I haven't done a study, but it seems to me that the majority of people on the Psycho-Babble "Medication" board are treatment resistant. This will most likely indicate combination therapy. Besides not understanding the technical verbiage to appear on the "Neurotransmitter" board - which is really a combination treatment board - a treatment-resistant person new to the study of their own illness might be unable to look for clinical information would benefit them.
How many people take one antidepressant plus lithium? This is combination treatment and would thus be directed to an unnecessarily sophisticated correspondence. What about adding bethanecol to a TCA to treat delayed micturition. How do you foster continuity of threads involving therapeutics if its definition is determined by how many drugs one takes?
Do we still have a "Newbies" board? Let me check. Ah yes. What is this board supposed to be for? I like to think of it as an introduction to the basic operation and theme of the boards and the first questions one has as to where to initially look for information.

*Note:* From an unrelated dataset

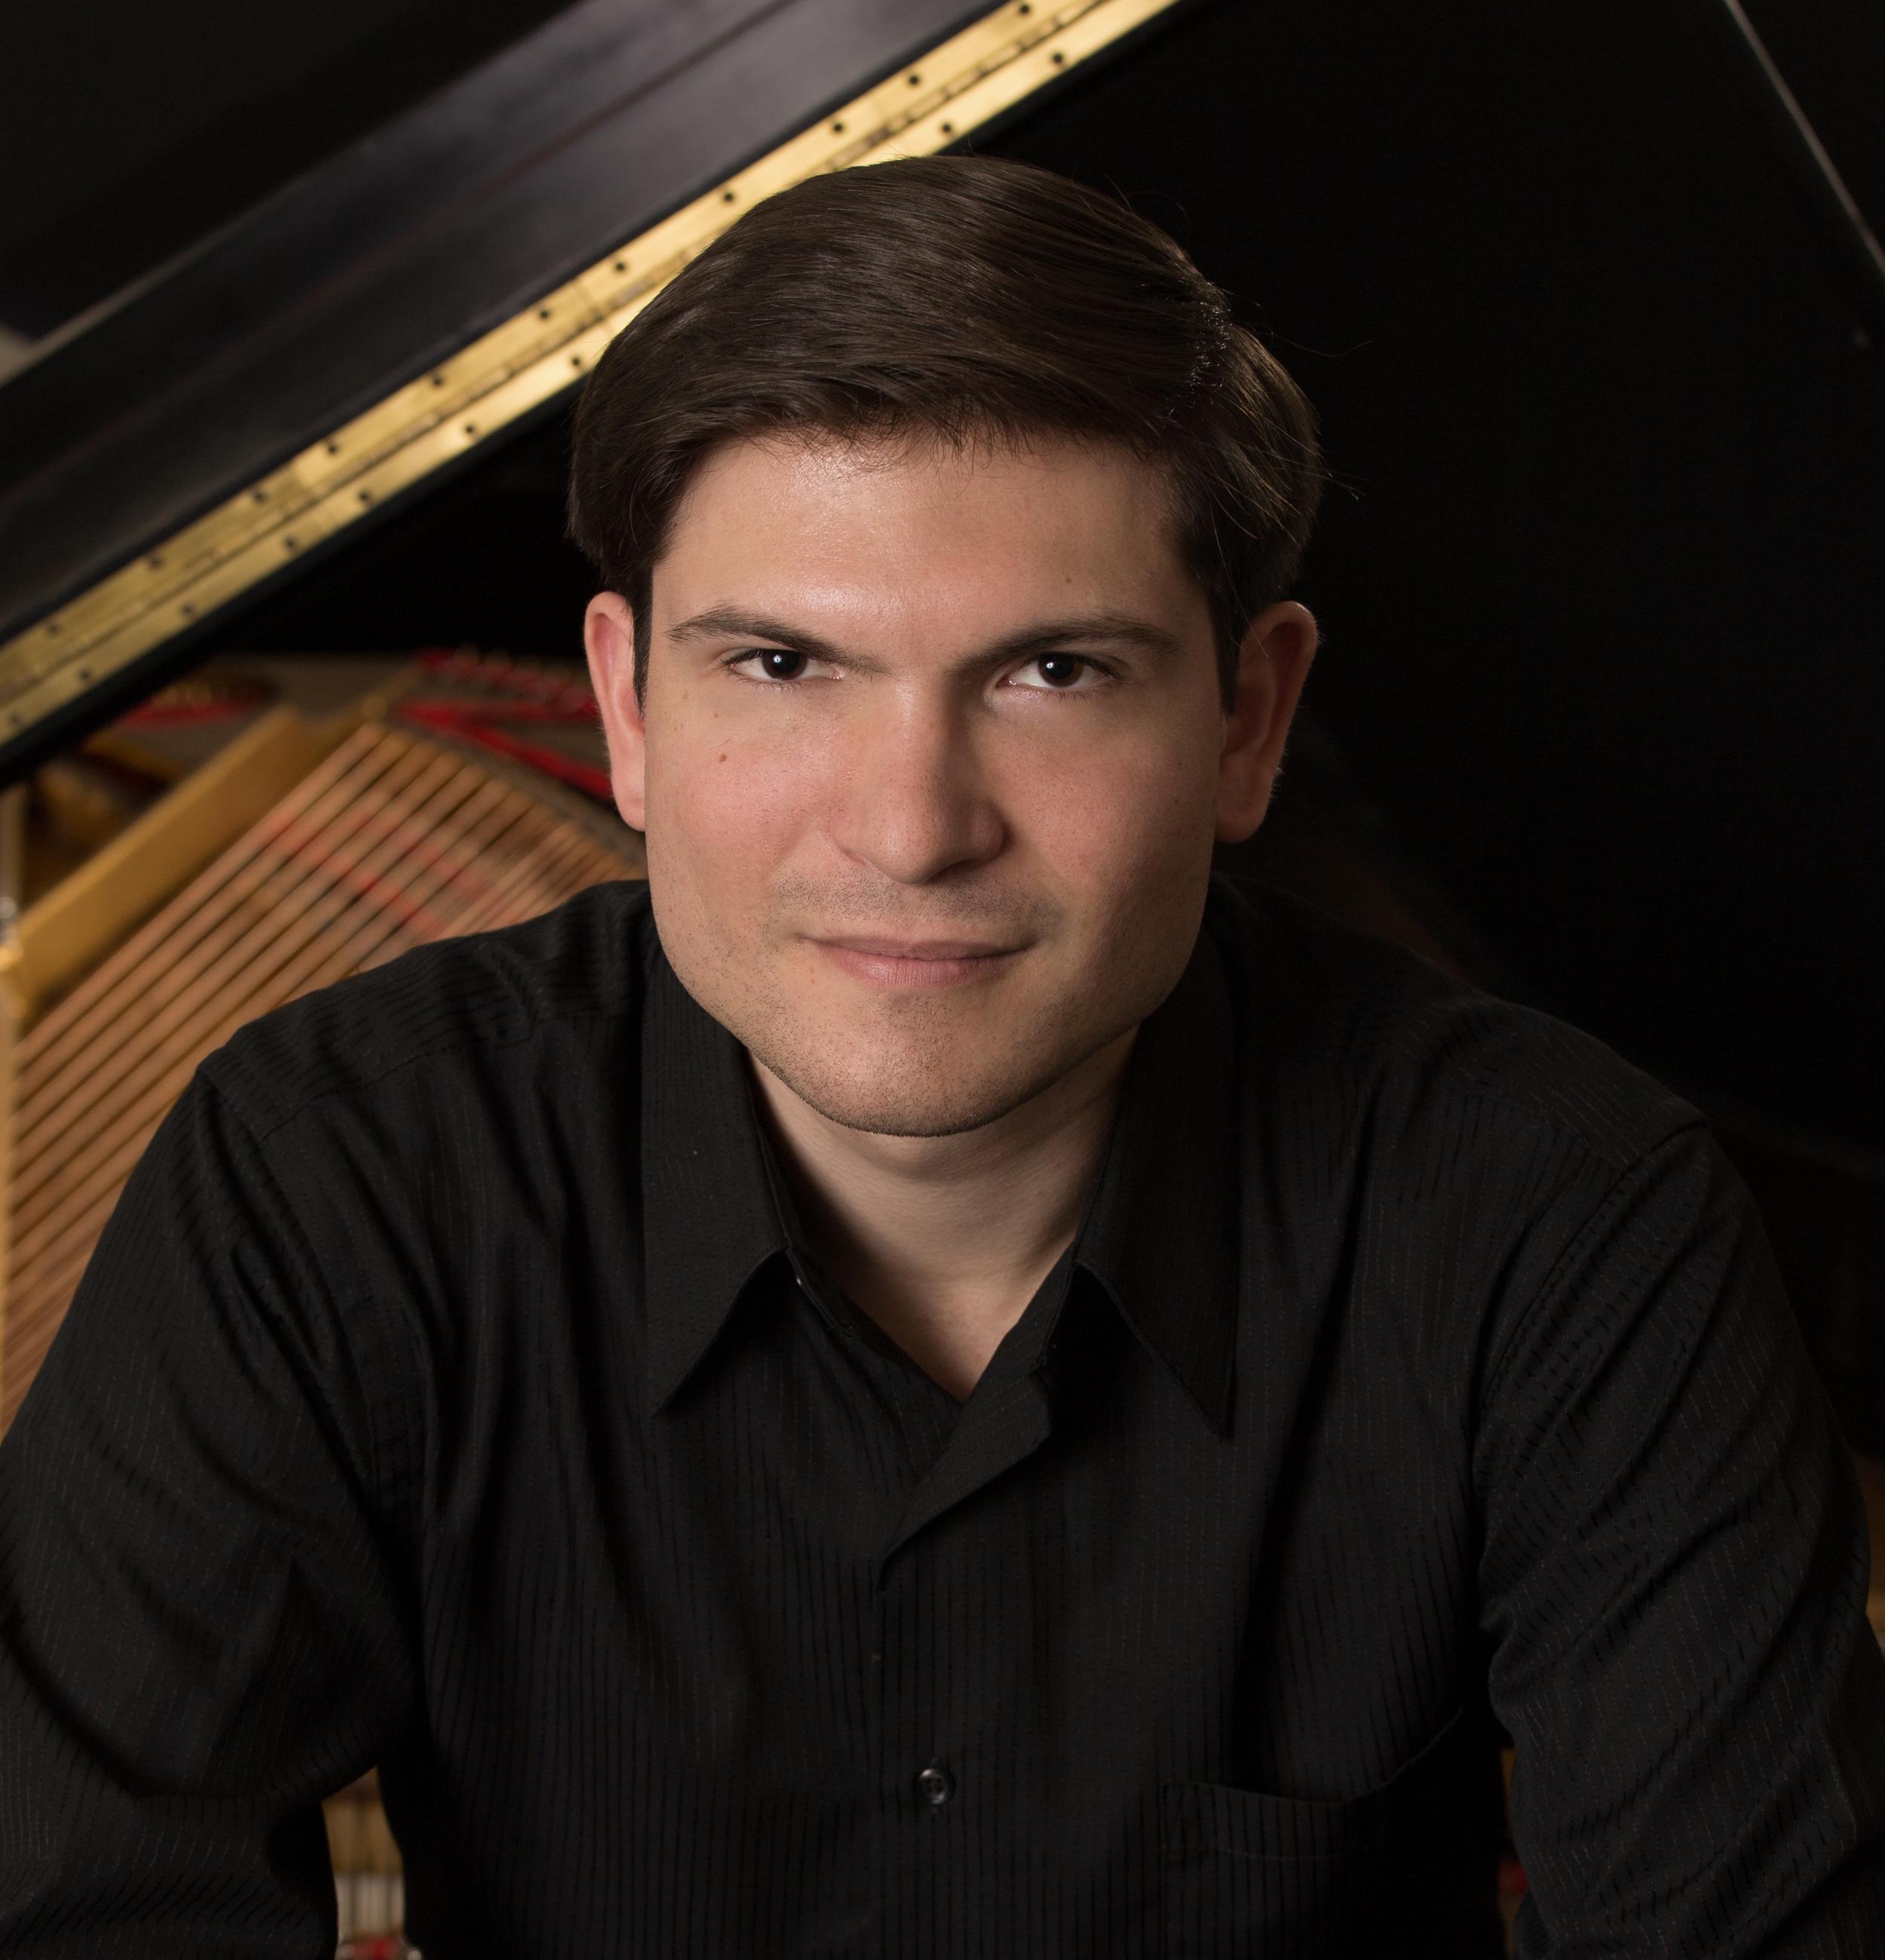 Patricio Molina, Music Theory, Piano, Associate Director, Conservatory Division

I think it is counterproductive to separate out posts such that people can no longer easily follow another's treatment history because the number of drugs they try constantly causes them to flip from one board or another.

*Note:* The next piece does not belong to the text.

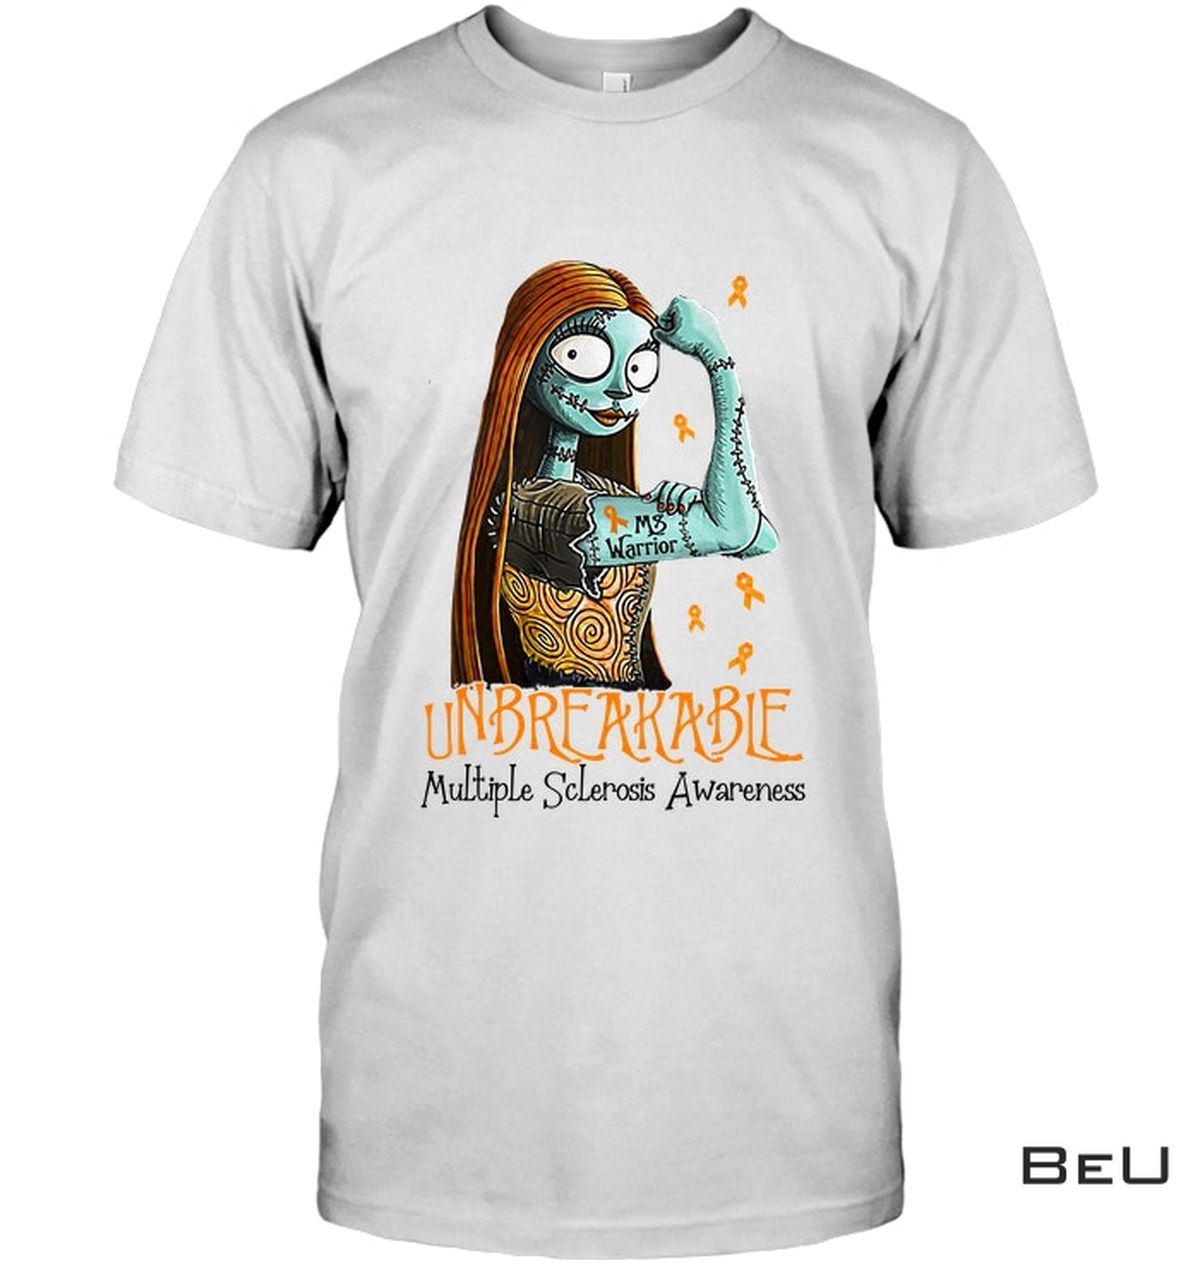 Adult Sally Unbreakable Multiple Sclerosis Awareness Shirt, Hoodie, Tank Top

"Medication" could be devoted to the clinical treatment of individuals, including relevant medical and neuroscience information.
A "Neuroscience" board might better serve conversations regarding pure science and theory such that it applies to psychiatry and people in general. Issues to be included might be things like clinical trials, receptor-ligand dynamics, upstream and downstream events, second messenger cascade events, gene regulation, brain circuitry, pathological morphology and processes, neuroendocrine function, etc.
I think all the people who are looking desperately only for information that might get them well using pharmacological intervention should interact on one board, regardless of the number of agents used or how aggressive the treatment.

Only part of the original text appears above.